Start of Block
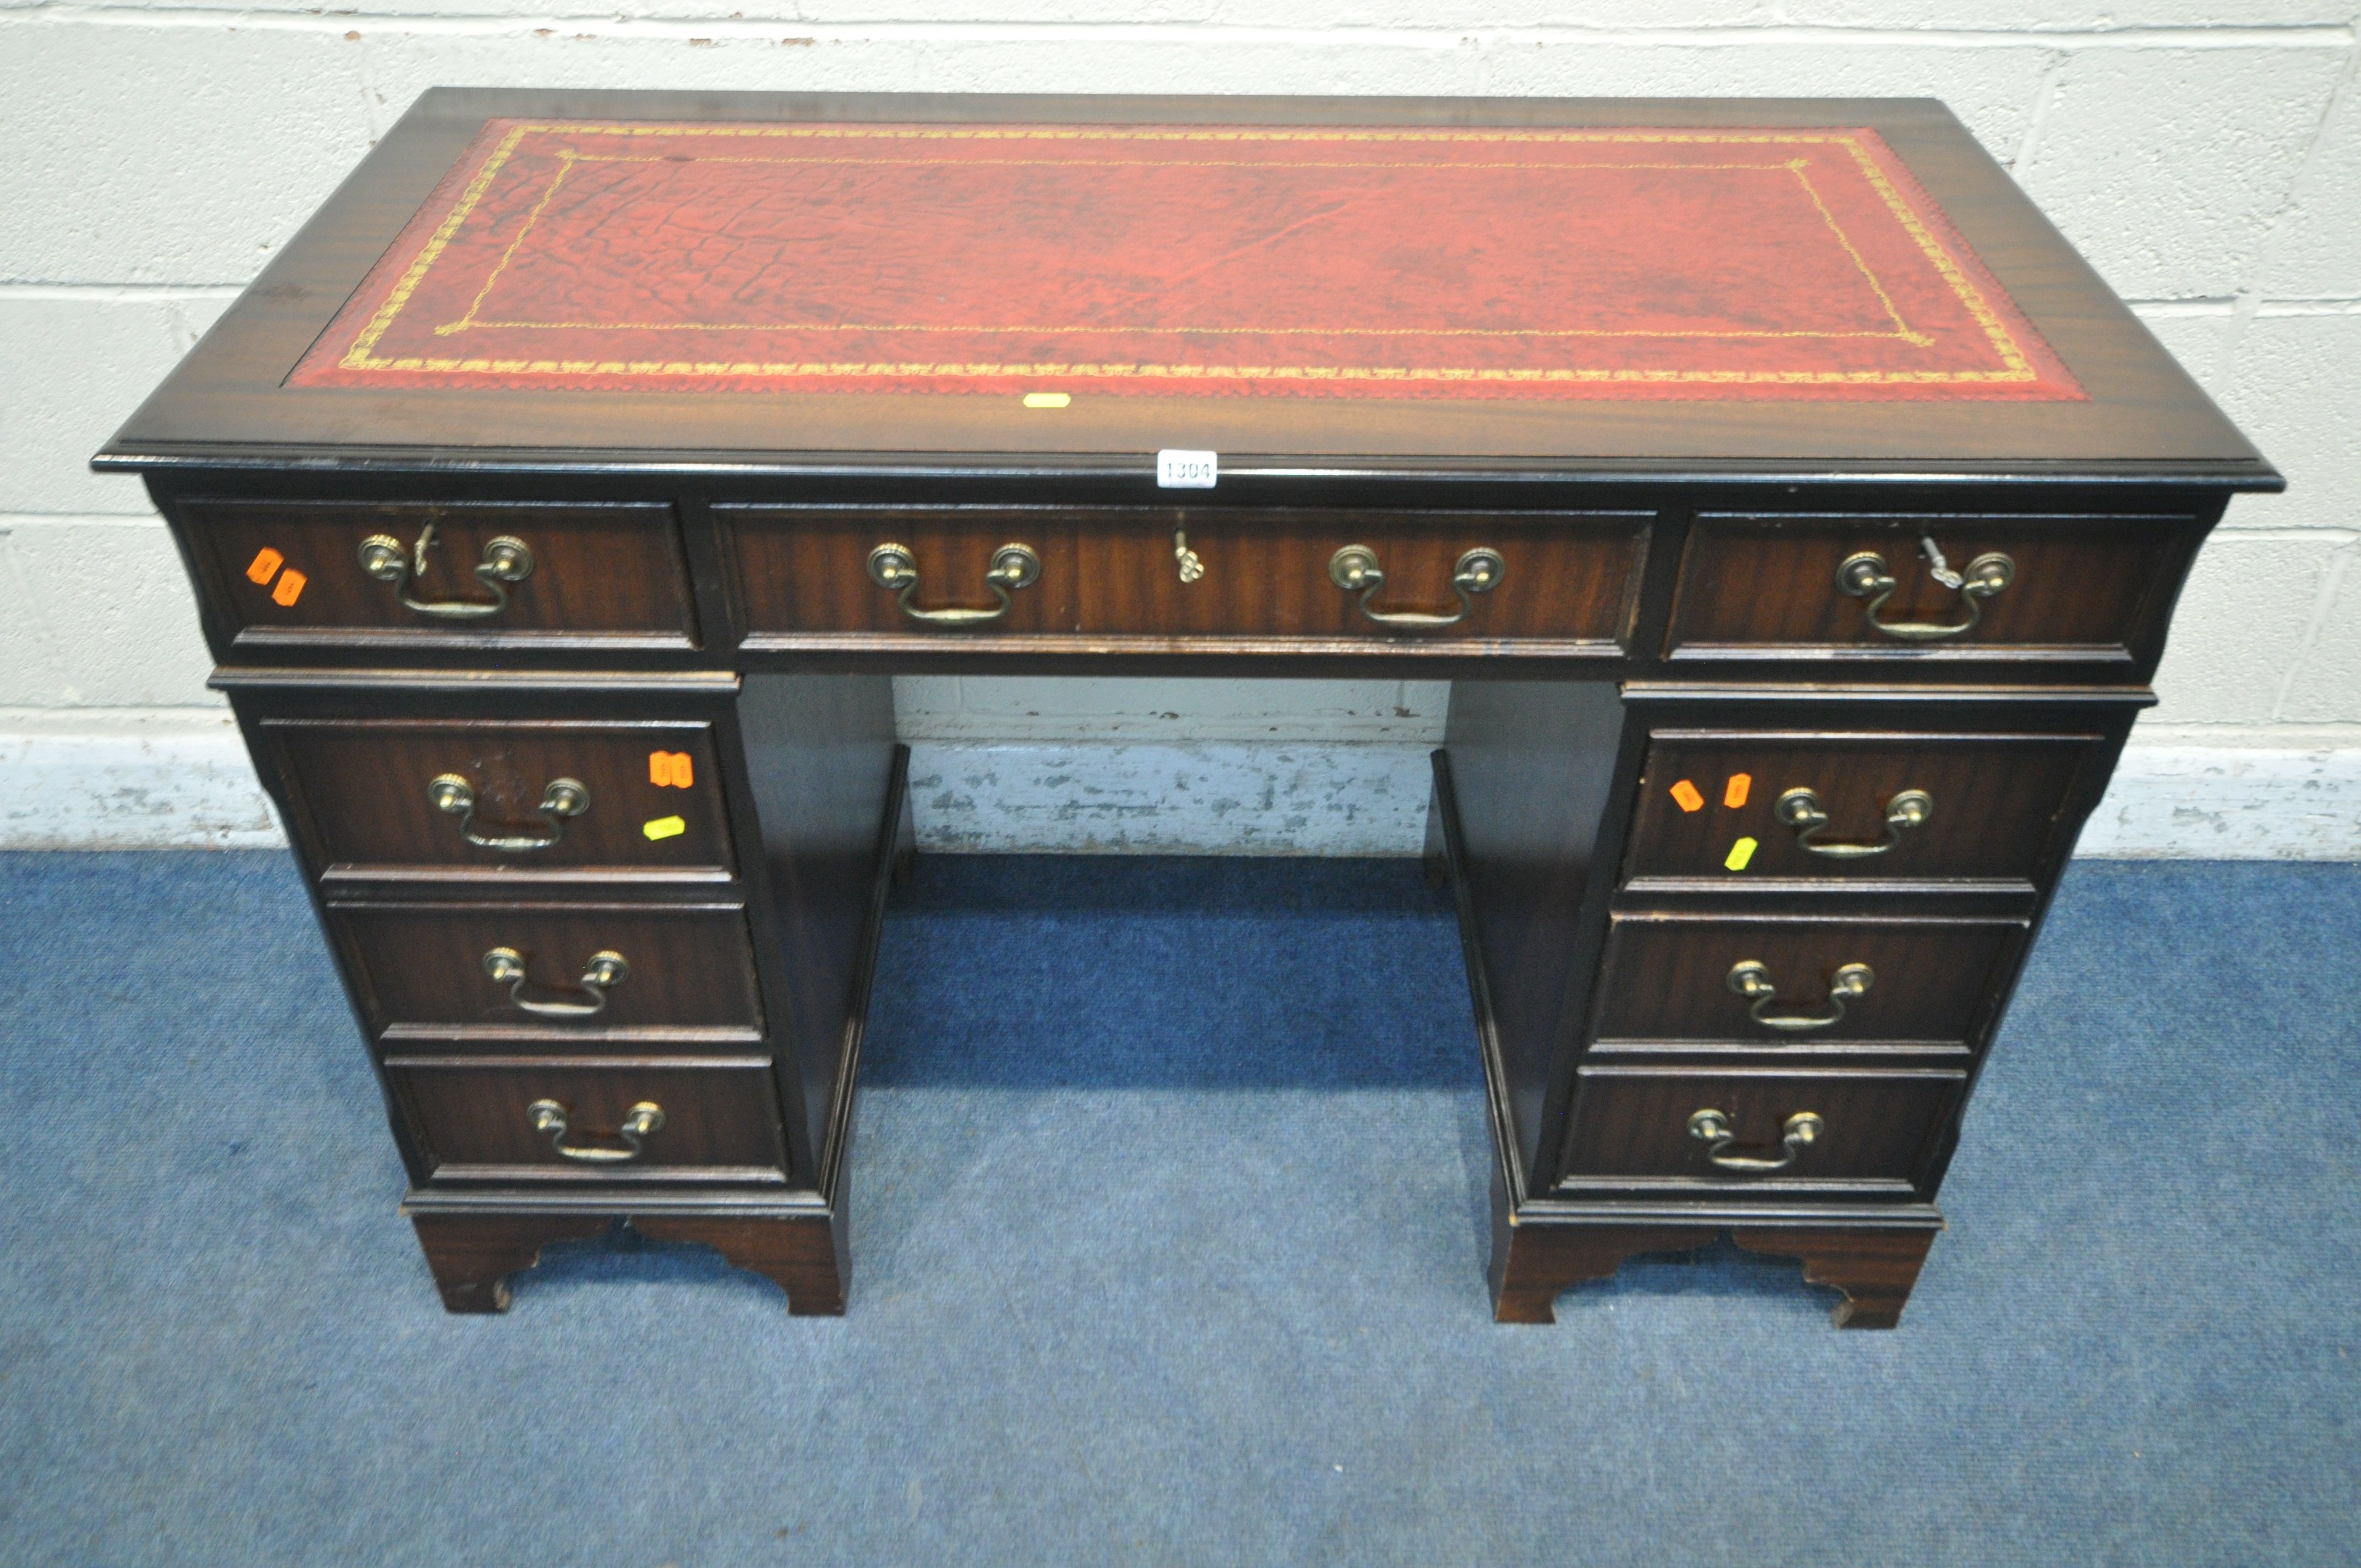 A 20TH CENTURY MAHOGANY TWIN PEDESTAL DESK, with an oxblood leather writing surface, and an
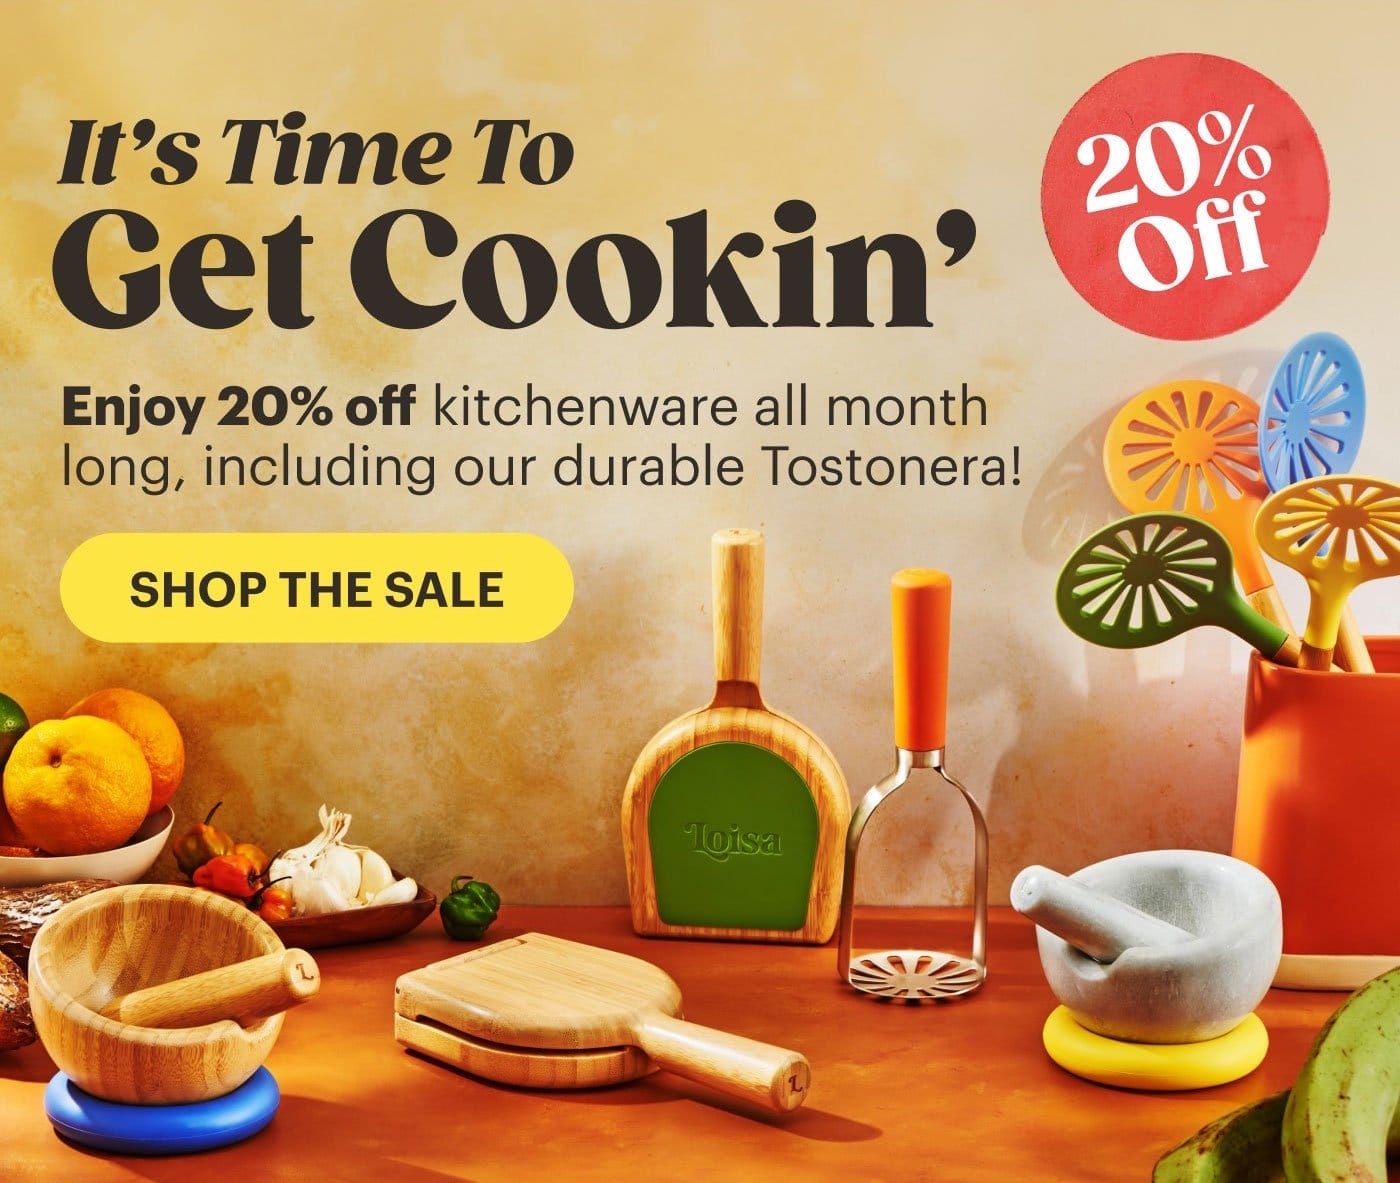 It's Time to Get Cookin' SHOP THE SALE
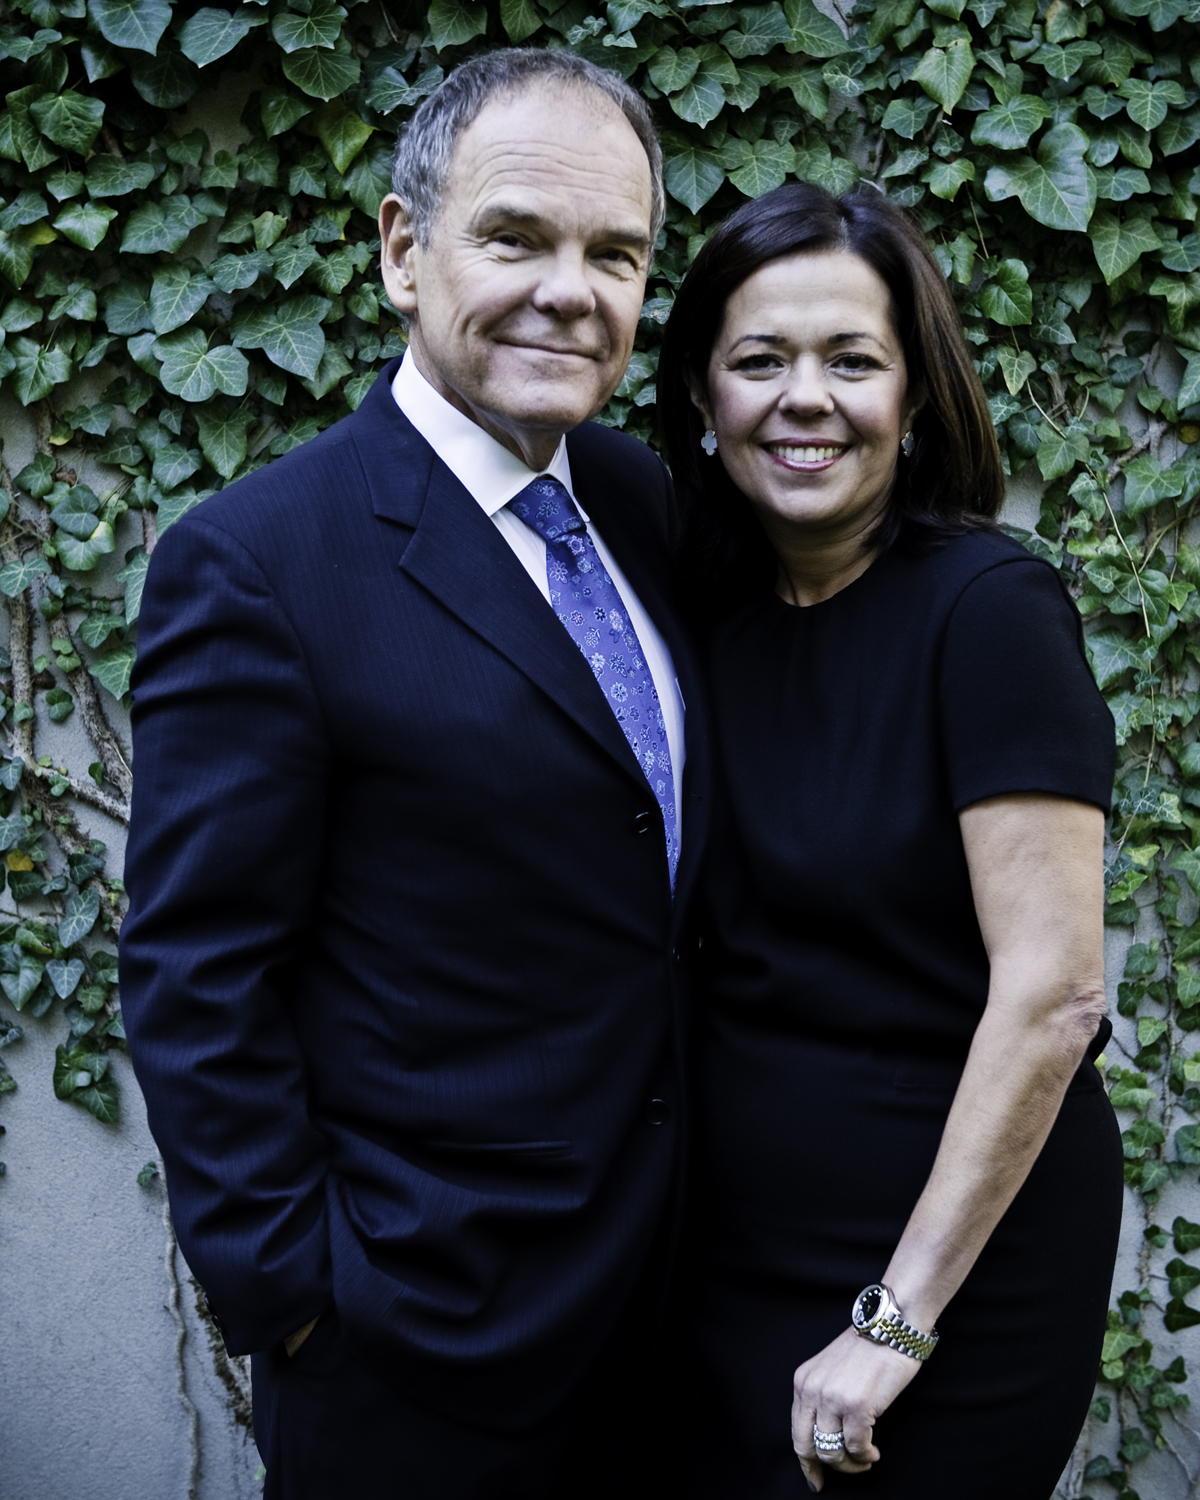 Dr. Don Tapscott in a black suit and Dr. Ana P. Lopes in a black dress
End of Block
The pictures in the data should be omitted, and every remaining line set down exactly.

 A 20TH CENTURY MAHOGANY TWIN PEDESTAL DESK, with an oxblood leather writing surface, and an
 It's Time to Get Cookin' SHOP THE SALE
 Dr. Don Tapscott in a black suit and Dr. Ana P. Lopes in a black dress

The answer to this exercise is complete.